Связанная, несомая Бог весть куда над поблескивающими вешними водами, чувствуешь ты лишь то, как колотится кровь в твоих запястьях, обмотанных пульсирующей нитью жизни, – это твоя кровь стучится в стенку той крови.
Говорит Хавьер
«Да ничем я не болен, – в который раз повторял я, – просто хочу спать, хочу отдохнуть». Но Гумерсинда все посылала и посылала за лекарями, а те обследовали меня и, со страдальческим лицом кивая головой, задавали глупые вопросы, нюхали мочу, разглядывая ее на свет, щупали пульс, ставили пиявки, предписывали снадобья. Но я на здоровье не жаловался. Просто на двадцать пятом году жизни мне вдруг открылось, что я не человек, а деревянная марионетка, причем нити, привязанные к моим плечам, локтям, ладоням, коленям и ступням, к моим векам и губам, кто-то отрезал, и лежат они на полу, будто длинные мертвые пряди волос. От марионеток с отрезанными нитками проку как от козла молока, их помещают в ящичек и закапывают. В худшем случае кладут на полку, где они могут лежать себе тихо-мирно, их не побеспокоят марионетки в черных одеждах врачевателей, особенно одна приставучая, в дамском платье или пооббитая в нескольких местах фигурка старого вепря, который закрадывается в дом и вынюхивает, где тут можно отыскать то, что особенно ему по вкусу, где тут его лакомства, его трюфели: гнилье, смерть и болезни.

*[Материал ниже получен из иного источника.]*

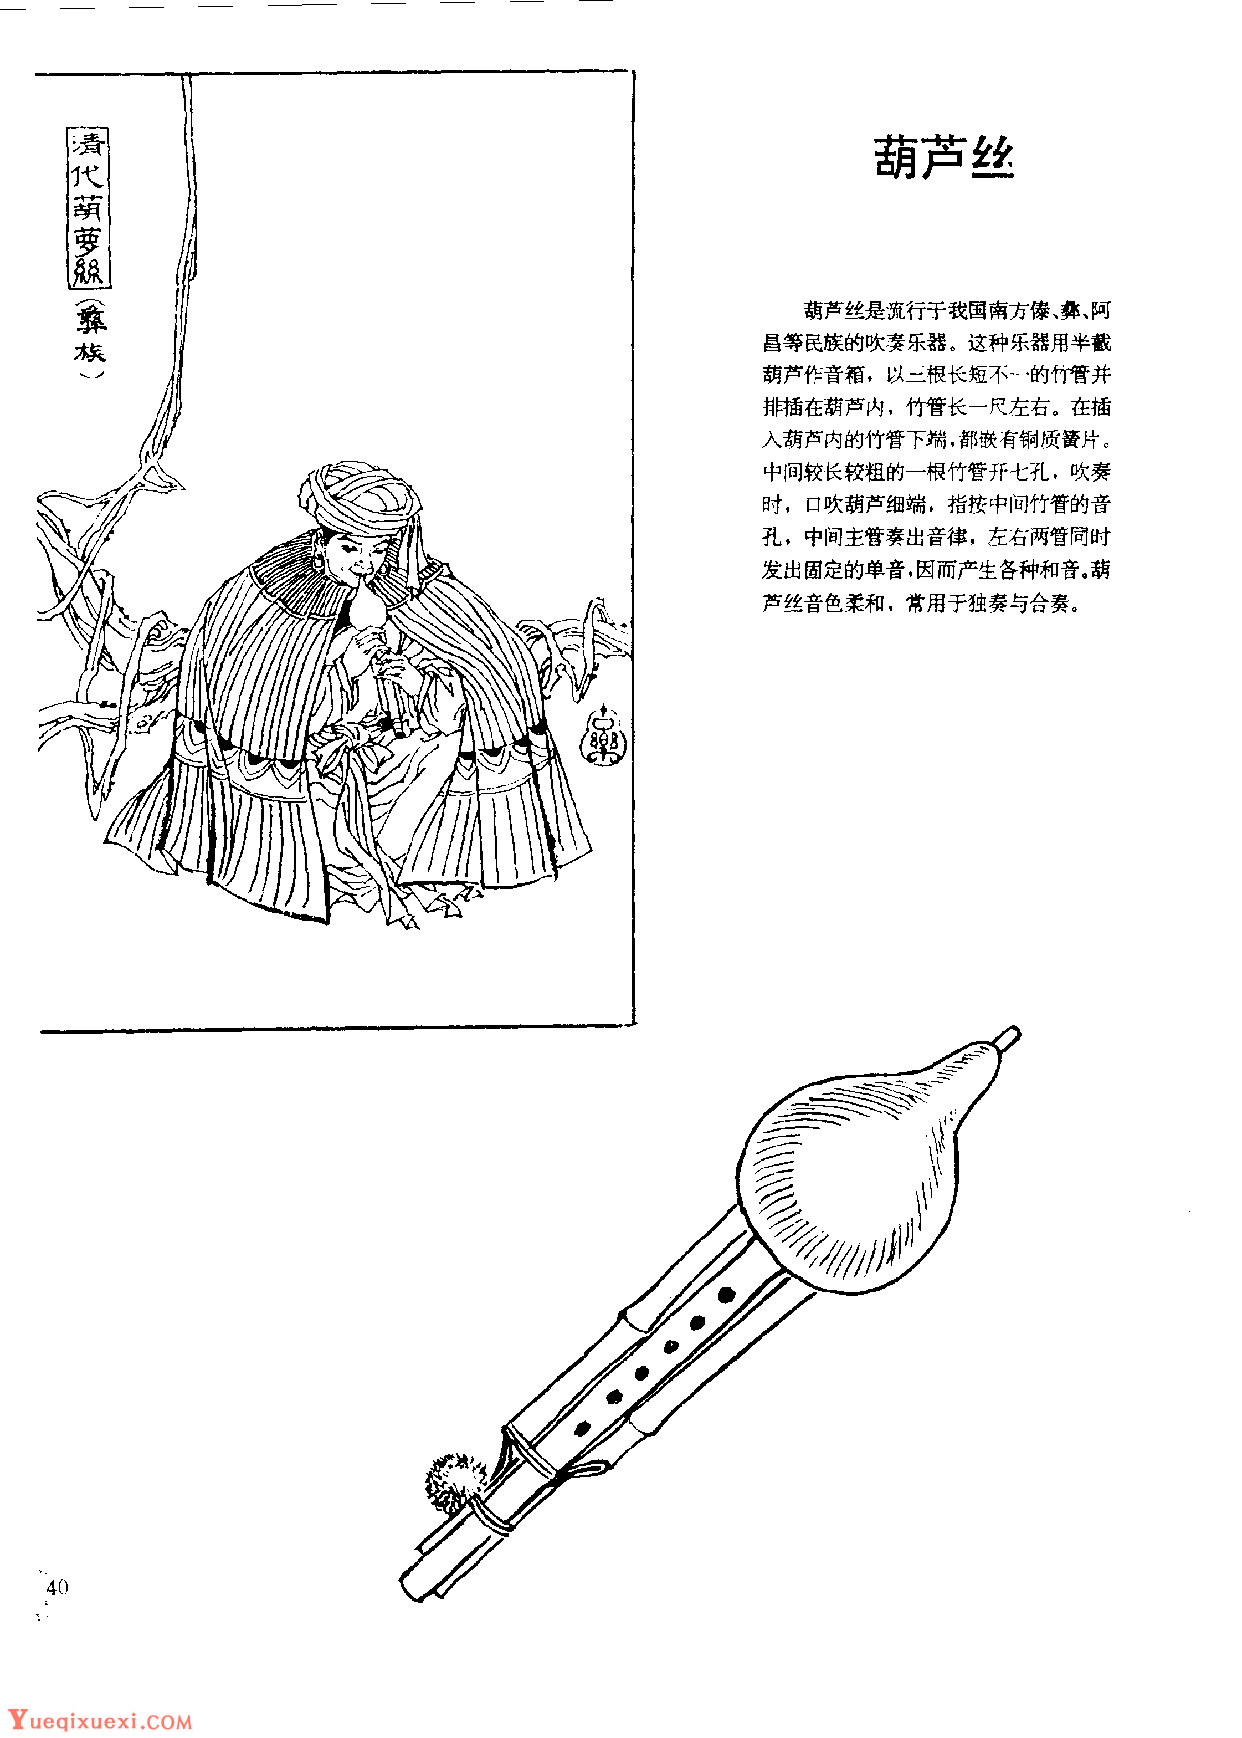 中国古代乐器《葫芦丝》

Навещала меня и мать. Но почти ничего не говорила – она все понимала. Она всю свою жизнь была будто заживо закопана. Как самка крота, роющая в жирной земле коридоры, родящая детенышей или скидывающая их, хоронящая мертвых, как только они остынут, ищущая сладких корешков для своего муженька-самца. Я ставил себе ее в пример. Накрывал лицо подушкой, отворачивался к стене и говорил про себя: взгляни. Тридцать пять лет провести как фасолина под камнем, выпускать одни лишь белые ростки, тянущиеся наугад к свету и воздуху. Быть госпожой, женой богача, а прожить тридцать пять лет как прислуга, угождающая своему господину во всем, буквально во всем, но, несмотря на это, всегда не столь важная, как бой быков, как sainetes, как какой-то школьный приятель, с которым он вел оживленную переписку, как натурщицы, как стройные дамы, как полотна, как все остальное в мире. Что было для него менее важным, чем она? Крыса, пробежавшая по двору, лист дерева? Разлитая вода, клок кошачьей шерсти?
Она усаживалась на краешек кровати и смотрела на меня молча. А я потихоньку отворачивался от стены. Марионетка с отрезанными нитями ничего не делает быстро, нет у нее такой силы. Я убирал подушку с лица, подкладывал ее под голову и, широко открыв глаза, вглядывался в ее глаза, и казалось, будто мы пересыпаем черную землю из одних глазниц в другие, вместе с камешками, личинками жуков, корешками, с липкими комочками глины и разбухшими семенами трав, из одних глаз – в другие, без единого слова, без конца.